Living Insights: Aims and Vision

Vision: To give life to traditional, holistic education materials needed by budding English-speaking Islamic institutions including Islamic schools, seminaries, liberal arts colleges, and for homeschoolers.

Living Insights aims to do this through providing the materials and training needed to give life to the traditional subject disciplines in English translations which are faithful to the originals and work in the classroom and society. This living education acknowledges that the full classical curriculum was an integrated set of complementary disciplines covering not only religious sciences, but also the humanities and natural sciences and mathematics. These disciplines map reality in a manner which covers nearly all of the modern curriculum, but this is only realised by a foundation which has a critical grasp of both traditions.

Without this insight, education results in lost opportunities and in a busy world, curriculum must hit two or more birds with each stone. Otherwise, our tradition and its humanising power will be lost on another generation. A well-designed curriculum should prepare students of any level to perform competitively and spiritually (with Ihsan) in all fields of life.

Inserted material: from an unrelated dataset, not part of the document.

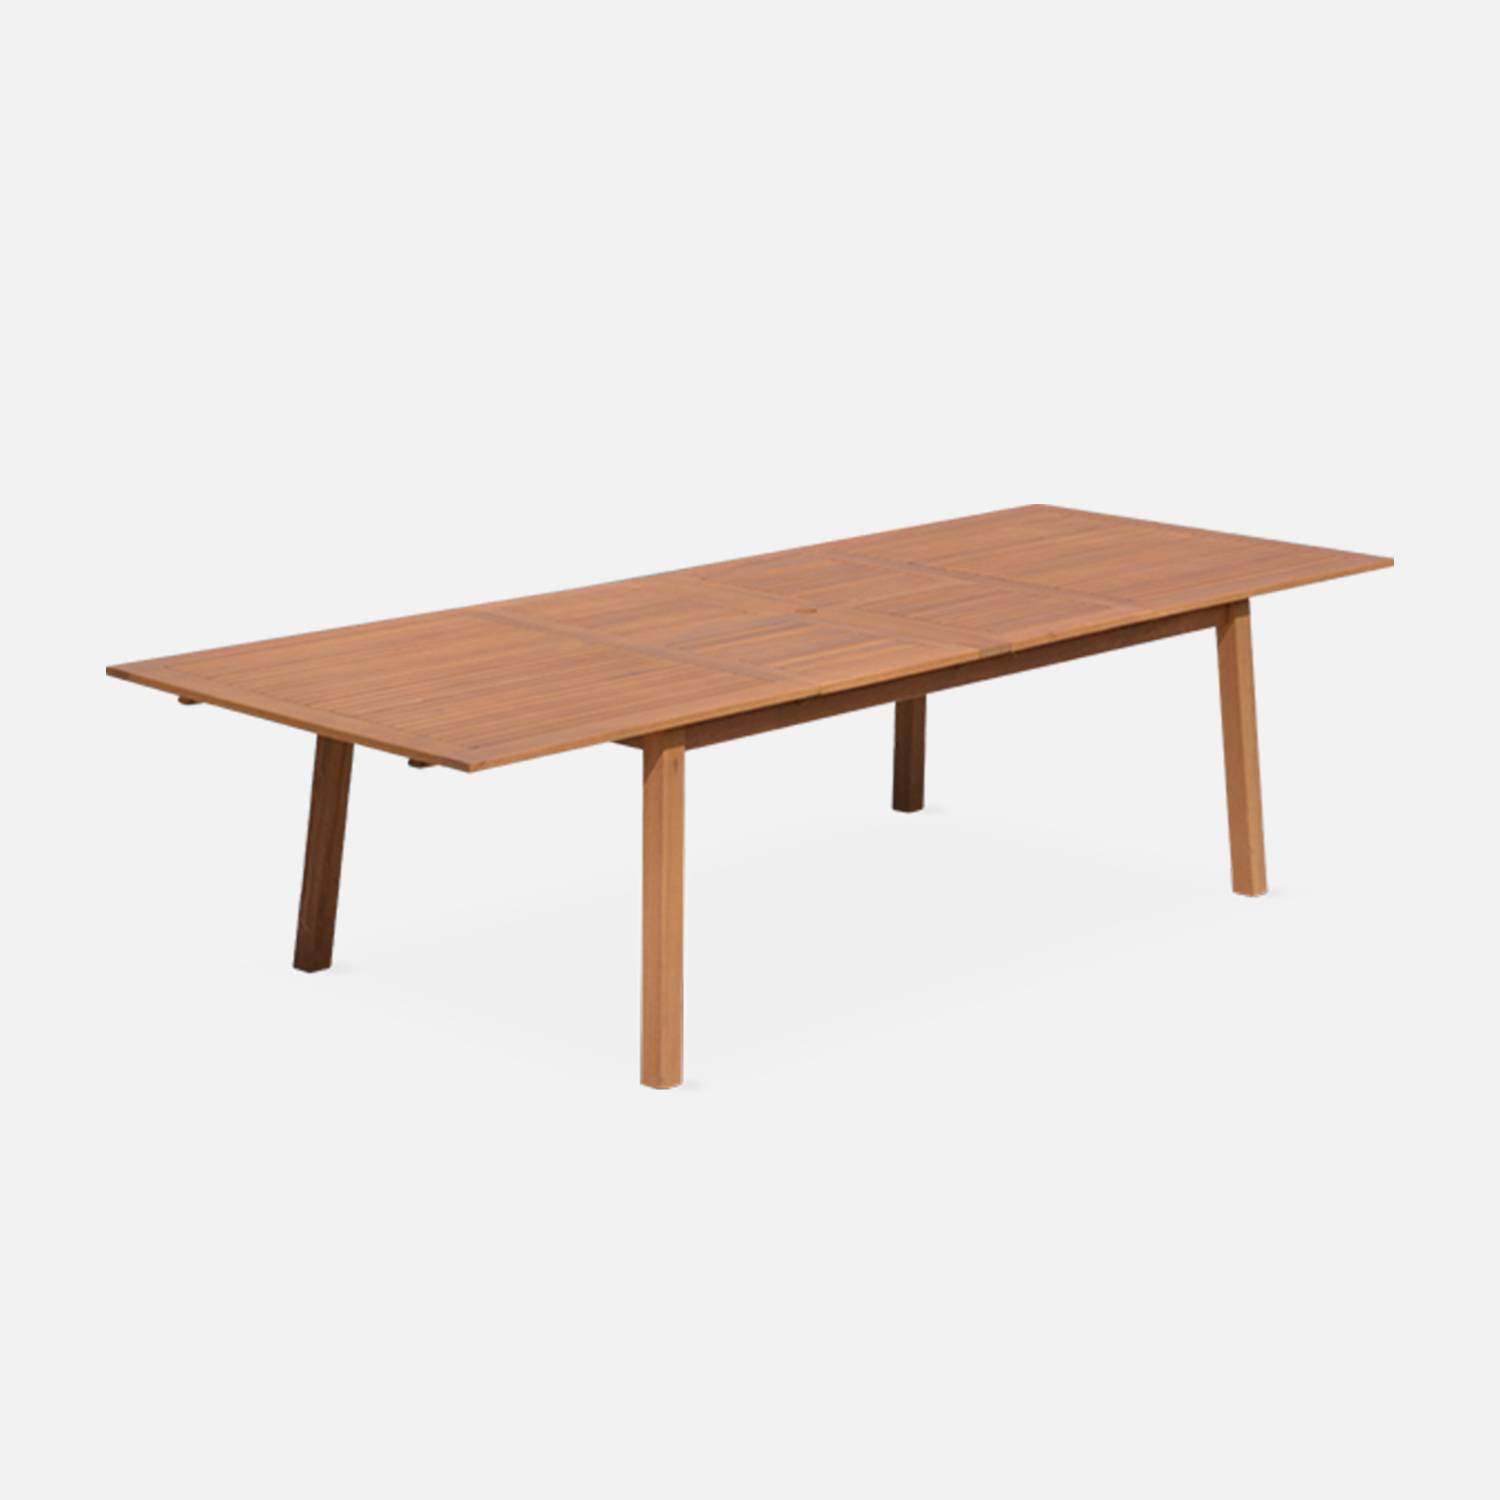 Tavolo da giardino in legno, dimensioni: 200-250-300cm - modello: Almeria - Grande tavolo rettangolare con prolunga, in eucalipto FSC Photo1

In the 1970s to 1990s, English-speaking scholars gathered for the World Conferences on Islamic Education, responding to what was widely considered a crisis in Islamic education. This foundation aims to take the best of the insights from these conferences and complement them with a deeper appreciation of the modern and classical traditions.

The Team

Shaykh Mustafa Styer

Mustafa Styer is an American-born, Oxford University-trained educator and researcher of Islamic Philosophy. Specializing in curriculum development from the University of London, Mustafa has devoted many years in developing an Islamic education curriculum in the UK. He has worked as head-teacher, deputy head, curriculum coordinator, and a teacher trainer in tarbiya for the Association of Muslim Schools UK established by Yusuf Islam. When the secretary of state encouraged Muslim schools to join the state system, he was seconded by the AMS to produce curriculum in Islamic music (Nashid), citizenship, and PSHE (Personal, Social, Health Education) and produced a 99-Names Scheme. Mustafa began his traditional Islamic studies in Damascus in 1995 in the Department of Usul al-din at Abu Nour and attending the lessons of Sheikh ’Abd al-Rahman al-Shaghouri and others and now continues his studies in Konya learning the Ottoman syllabus from Sheikh Salih al-Ghursi. Mustafa splits his time between the UK and Konya, working as the Project Lead for LIFE while continuing his research as part of Tabah Foundation's Classification of the Sciences project.

Sarosh Arif

Sarosh is an award-winning teacher, training and program specialist, artist, and an ivy-league educated social entrepreneur. Through her experiences with TeachForAmerica, the United Nations, and the NYC Department of Education, Sarosh has studied the needs of various communities and childhood education and identified the necessity for diverse and innovative initiatives. With parallel experience in the media sector including NBCUniversal, NY1 News, and most recently TRT World News, Sarosh has devoted her life to educating children through multiple platforms. With international media companies like TRT World, she develops specialized character-building curriculums with a global citizen perspective and coordinates targeted programming like the Journalism for Juniors program that empowers Syrian refugee children to reclaim their own narrative. The program now serves nearly 1000 refugees in various camps across Turkey. She bridges her background in character-development and SEL-based instruction with her passion for the visual arts and media industry. Currently operating from a dual home base of NYC and Istanbul, she designs and provides education and training consulting to various individuals, schools, mosques and organizations around the world.

Ismael Rumzan

Ismael is a graduate of Imperial College, London who fell in love with educational technology in the early days of the web in 1996. After completing a post-doctoral research at the University of Alberta in 2001, he was given the opportunity to turn a hobby into a passion by joining the e-learning team at the university. He has not looked back since then. After many years at the University of Alberta, where he was inspired by instructional designers to always focus on the use of technology to solve a real educational need, he travelled to Jordan in 2006 to join an e-learning startup. He has since worked with other educational institutes and helped found new programs and initiatives in Jordan, focused around solving social and educational problems. He embraces the concepts of flipped classroom and calm technology, which are his topics of ongoing research and publications.

Abdullah H. Mirza

Abdullah is studying the Great Books program at St. John's College, Santa Fe, where he is the Editor-in-Chief for the student newsletter, The Moon. Previously, he was a reporter for The Daily Californian, the independent student newspaper of the University of California, Berkeley, and copy-editor and opinion editor for the award-winning Berkeley High Jacket at Berkeley High School. His interests include writing and editing, copywriting and copy-editing, and translating and reading ancient philosophical texts.